Come gather ’round friends
And I’ll tell you a tale
Of when the red iron pits ran plenty.

Asterix was worried. Once again he’d woken up with his bed surrounded by water. It appeared that the melting polar ice caps were leading to a rise in the sea level, which was threatening to flood the whole of Armorica. The only solution would be to move the entire town further inland, and they’d run out of magic potion. He got up, got dressed, and went to find Overcomplix, the town’s architect. When he found him, Overcomplix looked worried too.

“So, Overcomplix, how are the plans to migrate the village inland progressing?”, inquired Asterix. “To be honest”, replied Overcomplix, “not very well. You see, when we designed this village, we opted for a tightly coupled, fully integrated architecture. The town hall is joined to the market by solid iron girders, and all of the houses are tightly welded to the market. If we could move one building at a time, we’d be okay. But if we try to separate them, the whole village will fall apart. I think Gantchartix is working on a plan, though.”

“That’s no good at all”, sighed Asterix. “I’ll talk to Gantchartix, but it sounds like we’ve built a monolith. Let me find Obelix. He’s helped us out of tight spots before.”

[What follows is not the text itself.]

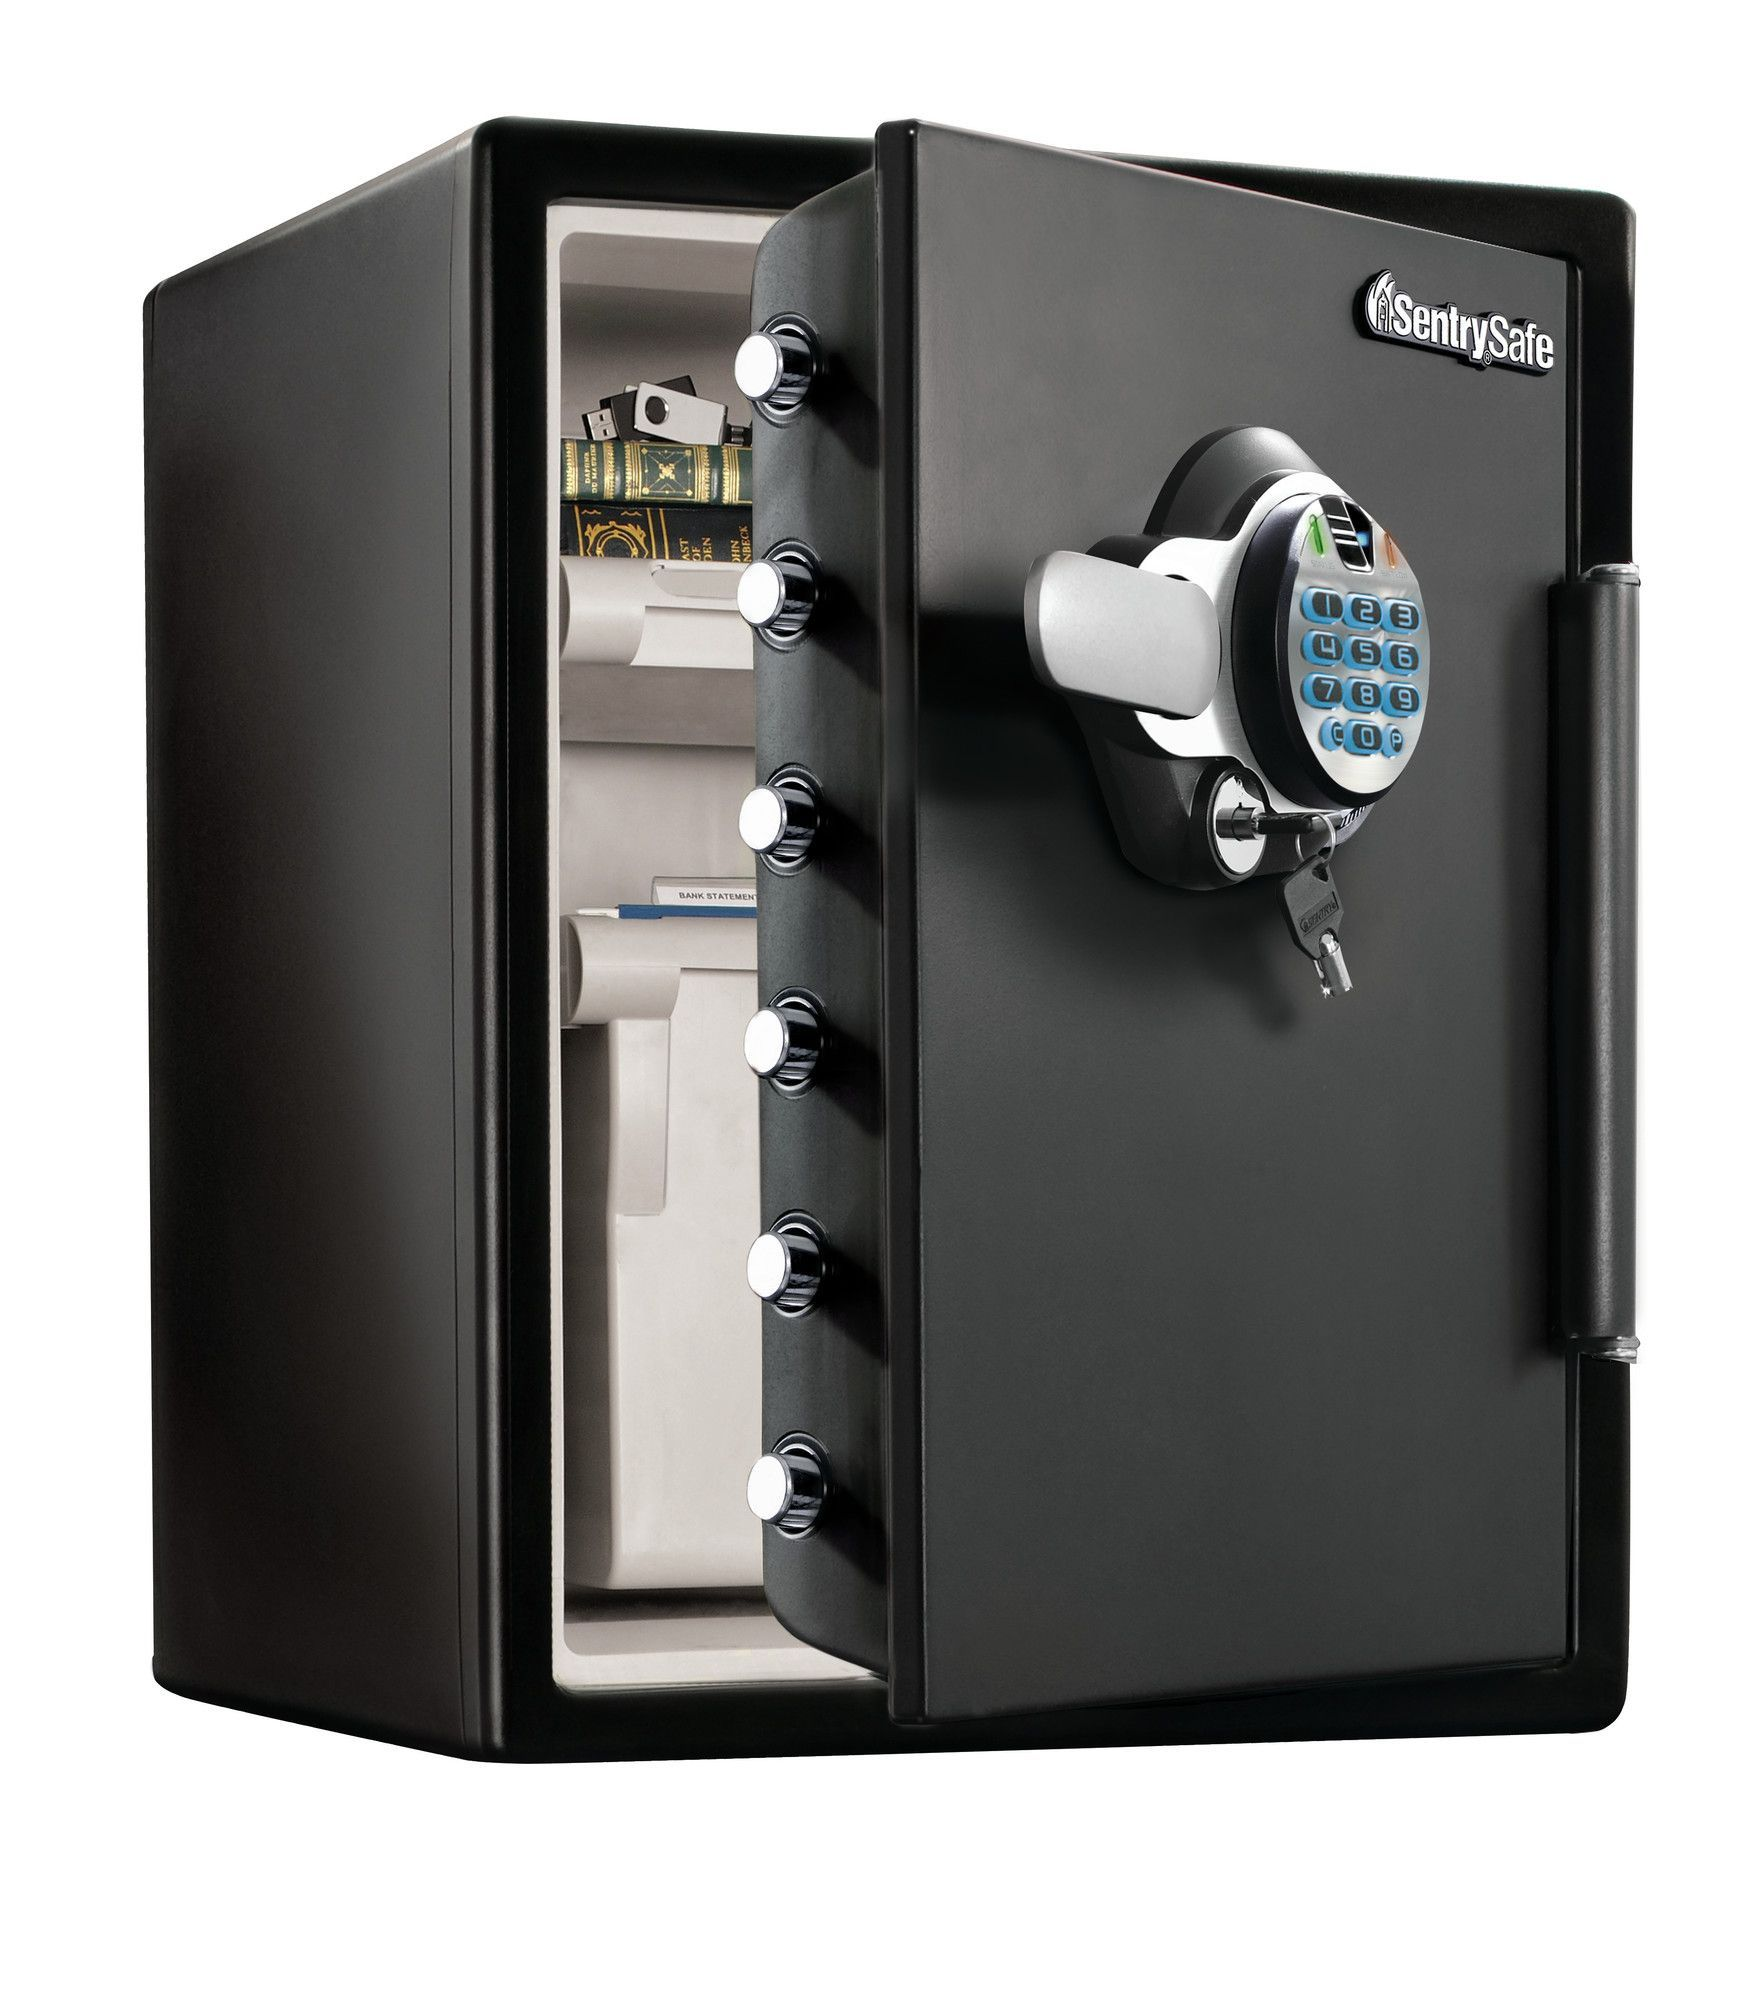 SentrySafe Fingerprint Waterresistant DualLock Security

When Asterix found Gantchartix, he was surrounded by Microsoft Project Plans and grinning from ear to ear. “I’ve created a masterpiece”, smiled Gantchartix. “The village is saved. All we need to do is get one hundred thousand doves and connect them to the village with pieces of rope. Then, all the doves need to lift off at exactly the same moment, fly inland a bit, and land at exactly the same time. If one of them mistimes it, the village will fall apart. But look at my project plan – it’s perfect.”

Asterix wasn’t convinced. Once again, Gantchartix was living inside his plan instead of reality. “That sounds like a Big Bang approach to me, Gantchartix. Those never work. Your plan is a monolith. I really need to speak to Obelix. He has experience with these things.”

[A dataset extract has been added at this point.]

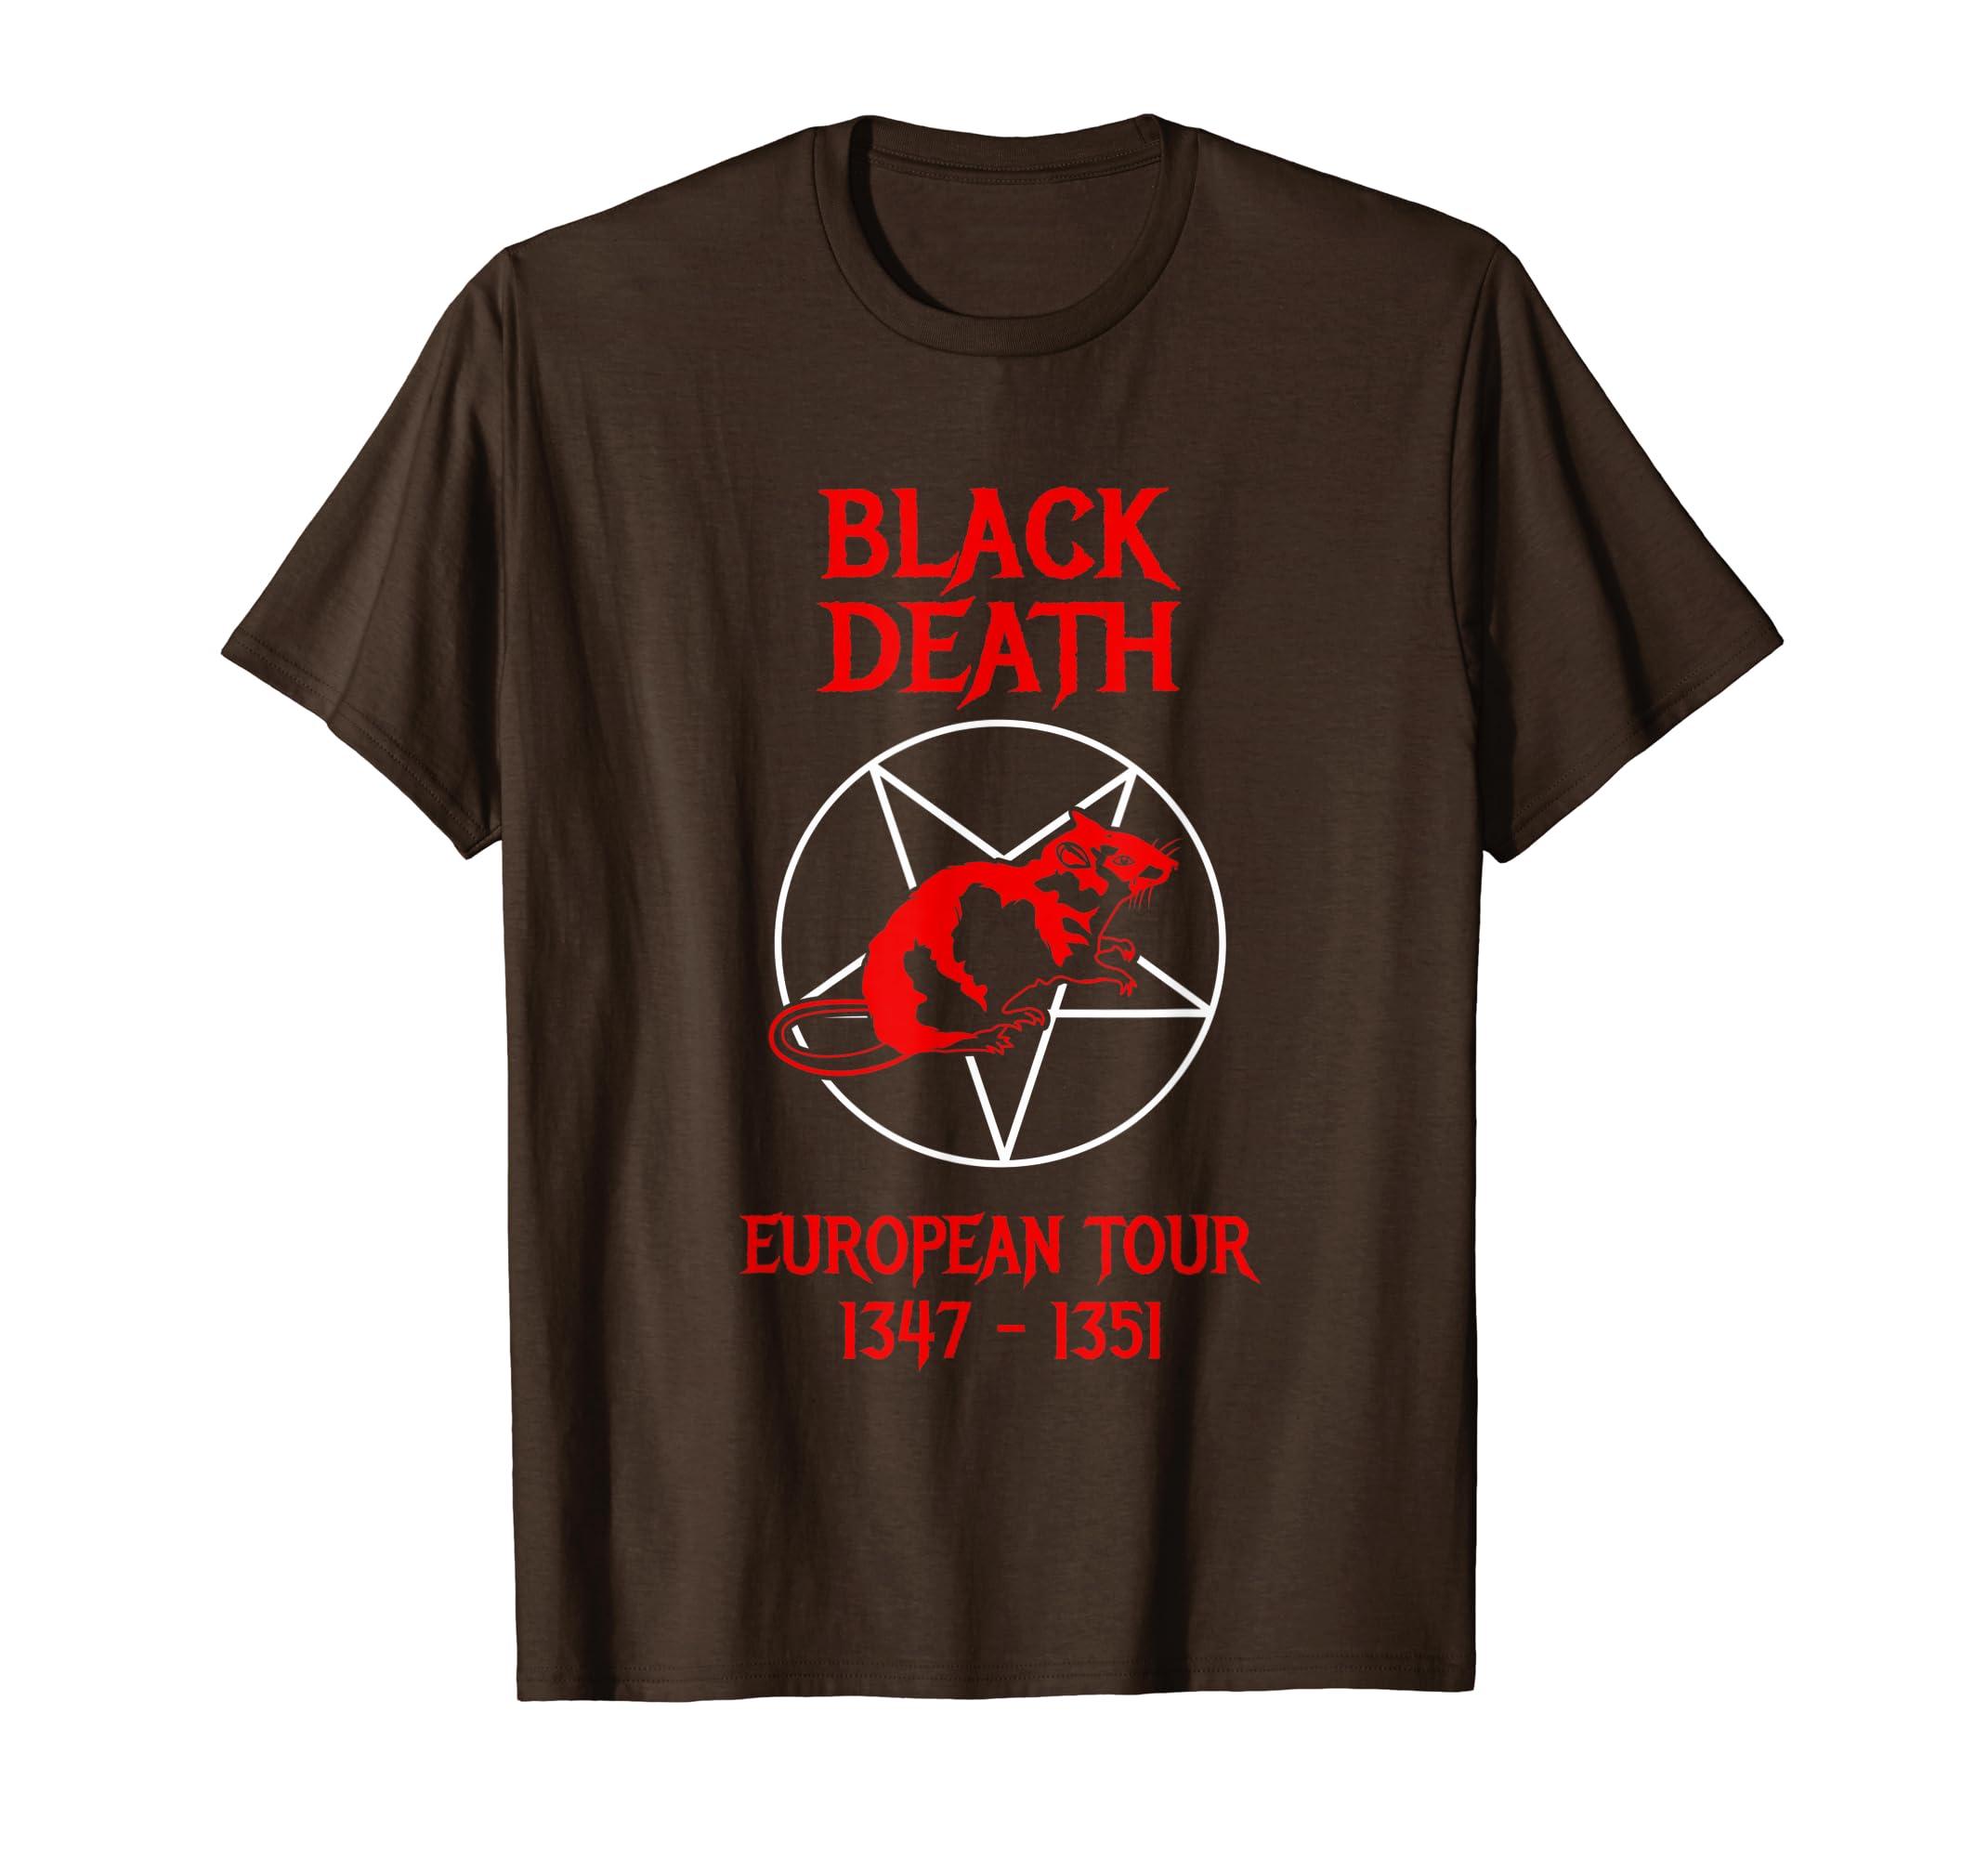 Black Death European Tour T-Shirt – Funny History-Loveshirt

All this worrying had made Asterix hungry. He decided to visit Procurafix to grab a bite to eat.

“Sorry, Asterix, we don’t have any food,” explained Procurafix. “We are in the  middle of evaluating responses to our Supply Everything To Armorica RFP. The lawyers are embroiled in a battle over the Boar Hunting Rights clause, so the process might take a while yet. Rather annoyingly, this probably means we won’t have grain or water for a while either. It’s a single contract for everything.”

“That is annoying”, said Asterix. “In fact, your process sounds rather like another monolith. I’ll see if Obelix can move it forward. He is good at that.”

Building A Monolith

Obelix seemed to be the only one that could bypass Procurafix’s rules as when Asterix found him he was feasting on nuts and oysters. Asterix explained the sad state of affairs, and asked Obelix for help.

“Sorry, Asterix. I’m afraid I have some bad news. The Goths have offered me a much higher day rate as part of an extremely attractive package. Effective immediately, I’m working for them. You’re on your own.”

“Oh no! We’re doomed,” cried Asterix. “We should never have made those fucking monoliths.”